以上程序中的中心点的初始赋值是给定好的。实际上，初始化中心点的良好策略是从训练集的样本中随机挑选。

函数kMensInitCentroids.m给出挑选过程，具体如下：

% Initialize the centroids to be random examples

% 重新随机排序样本的索引
randidx = randperm(size(X, 1));%randperm函数

% Take the first K examples as centroids
centroids = X(randidx(1:K), :);

上面的代码首先随机排列了样本的索引（使用randperm）。然后，它基于索引的随机排列来选择前K个样本。保证了随机选择这些样本的同时，不会选择相同的样本两次的风险。

1.5基于k-均值的图片压缩

在下面的24位真彩色图中（如，0x000000为黑色，0xFFFFFF为白色），每个像素可表示为指定红色，绿色和蓝色强度值的三个8位无符号整数（范围从0到255）。这种编码通常被称为RGB编码。我们的图像包含数千种颜色，在这部分练习中，将减少为16种颜色的颜色数量。

![3.jpg](http://wx4.sinaimg.cn/mw690/7b8d2108gy1fhplffzrosj208y08rn2z.jpg)

通过这种减少，可以有效地表示（压缩）照片。具体来说，只需要存储16个所选颜色的RGB值，并且对于图像中的每个像素，现在只需要在该位置存储颜色的索引（只需要4位来表示16种可能性）。
练习中利用K-means算法来选择将用于表示压缩图像的16种颜色。具体来说，将原始图像中的每个像素视为数据示例，并使用K-means算法找到最佳组（聚类）三维RGB空间中的像素的16种颜色。一旦计算了图像上的聚类中心点，将使用16种颜色来替换原始图像中的像素。

单个像素下的K-均值运用

首先，在Octave/MATLAB中，图片可以通过以下的命令进行读取：

% Load 128x128 color image (bird small.png)
A  = imread('bird small.png');

% If you do not have the image package installed, 
% you should instead change the following line to
%	load('bird small.mat'); % Loads the image into the variable A

上述代码所创建的一个三维矩阵A，其前两个索引标识像素位置，其最后一个索引表示红色，绿色或蓝色。例如，A（50,33,3）给出行50和列33处的像素的蓝色强度。
ex7.m中的代码首先加载图像，然后重新构图，创建一个m×3像素颜色矩阵（其中m = 16384 = 128×128），并在其上调用K-means函数。

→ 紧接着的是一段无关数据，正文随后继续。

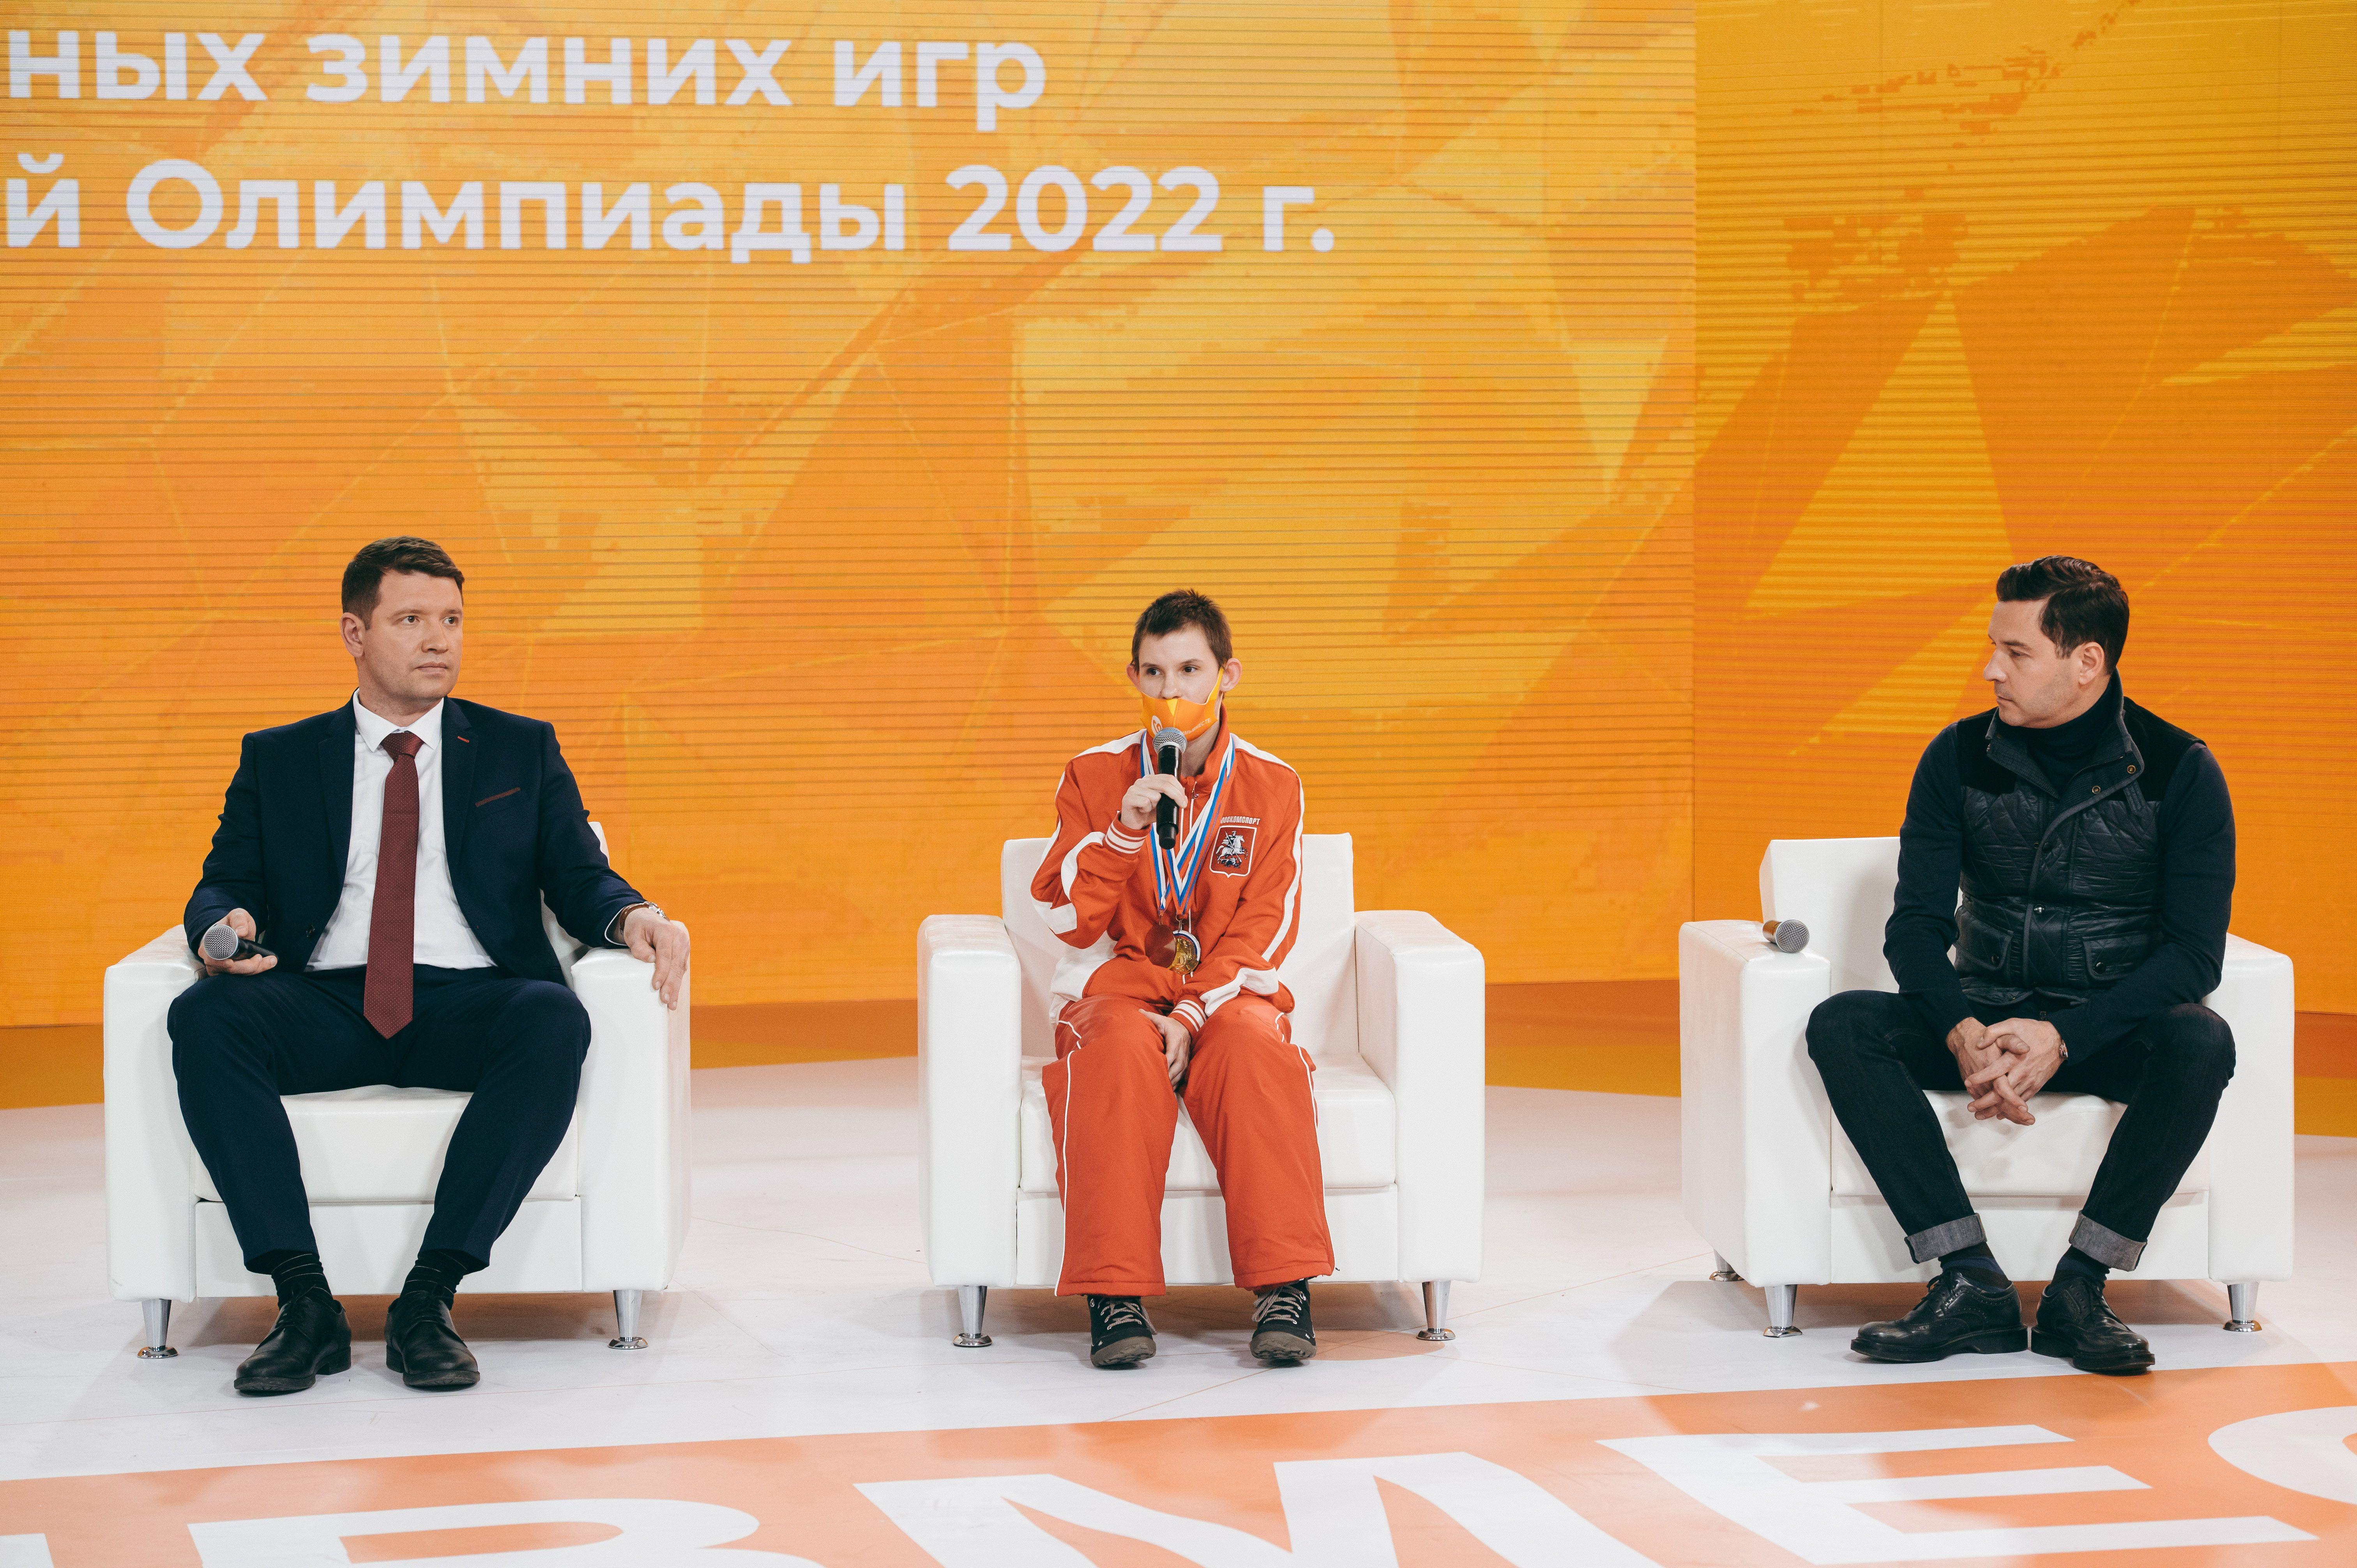 Объявлен старт волонтерской заявки Всемирных зимних игр Специальной Олимпиады 2022 в г. Казани
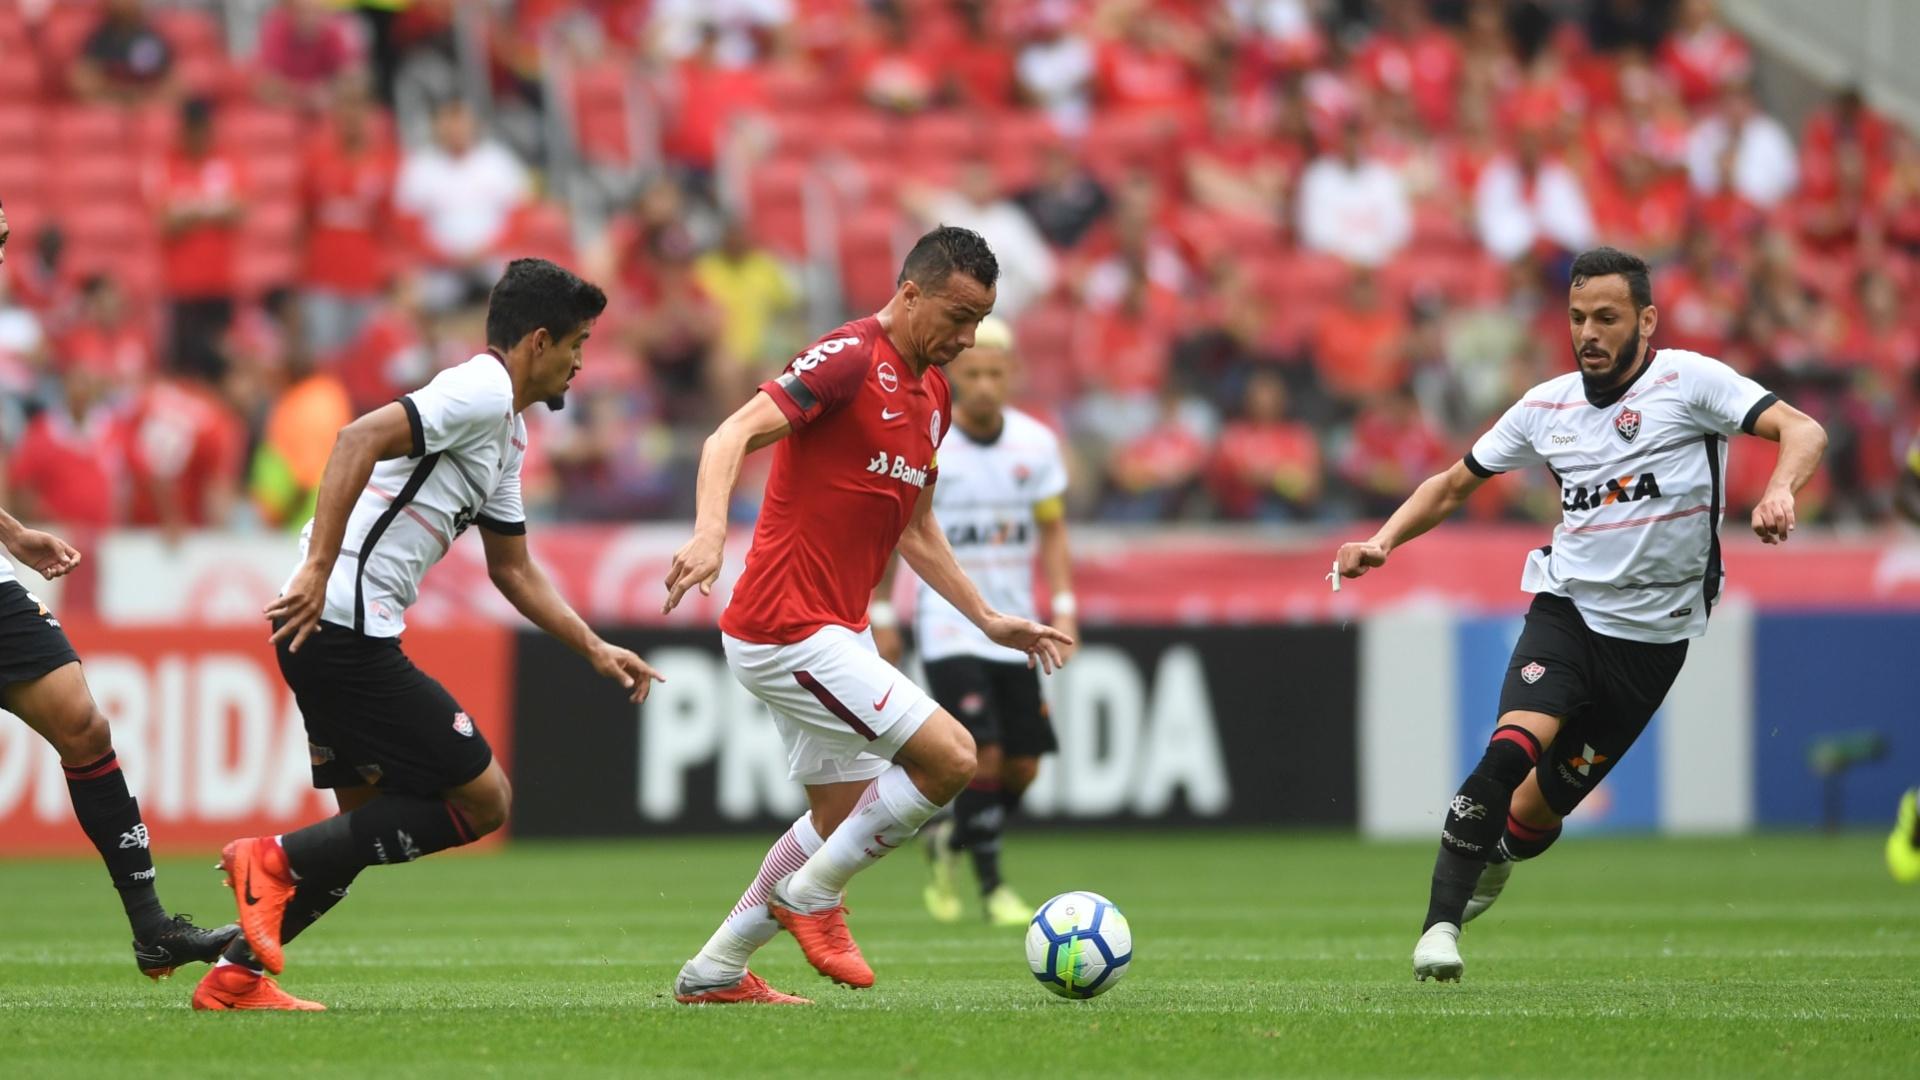 O atacante Leandro Damião em lance da partida entre Internacional e Vitória

在寻找到前K=16个颜色代表图片后，现在可以使用函数findClosetCentroids将每个像素位置最近的中心点做替换。即使用每个像素的中心点来表示原始图像。

请注意，此时已经显着减少了描述图像所需的位数。原始图像对于128×128像素位置中的每一个像素的描述需要24位，总大小为128×128×24 = 393216比特。新的表示形式需要以字典形式的形式存储16种颜色，每种颜色需要24位，但是图像本身只需要每像素位置4位。因此，使用的最终位数为16×24 + 128×128×4 = 65920比特，其对应于将原始图像压缩约6倍。运行程序，我们可以看到以下图像，左侧为原图像，右图为压缩后的图像。

![4.jpg](http://wx2.sinaimg.cn/mw690/7b8d2108gy1fhplfhozkej20hl07vdls.jpg)

代码如下：

%  Load an image of a bird
A = double(imread('bird_small.png'));
A = A / 255; % Divide by 255 so that all values are in the range 0 - 1

% Size of the image
img_size = size(A);

% Reshape the image into an Nx3 matrix where N = number of pixels.
% Each row will contain the Red, Green and Blue pixel values
% This gives us our dataset matrix X that we will use K-Means on.
X = reshape(A, img_size(1) * img_size(2), 3);%学习之处

% Run your K-Means algorithm on this data
% You should try different values of K and max_iters here
K = 16; 
max_iters = 10;

% When using K-Means, it is important the initialize the centroids
% randomly. 
% You should complete the code in kMeansInitCentroids.m before proceeding
initial_centroids = kMeansInitCentroids(X, K);

% Run K-Means
[centroids, idx] = runkMeans(X, initial_centroids, max_iters);

% Find closest cluster members
idx = findClosestCentroids(X, centroids);

% Essentially, now we have represented the image X as in terms of the
% indices in idx. 

% We can now recover the image from the indices (idx) by mapping each pixel
% (specified by its index in idx) to the centroid value
X_recovered = centroids(idx,:);%直接写：centroids(idx,:)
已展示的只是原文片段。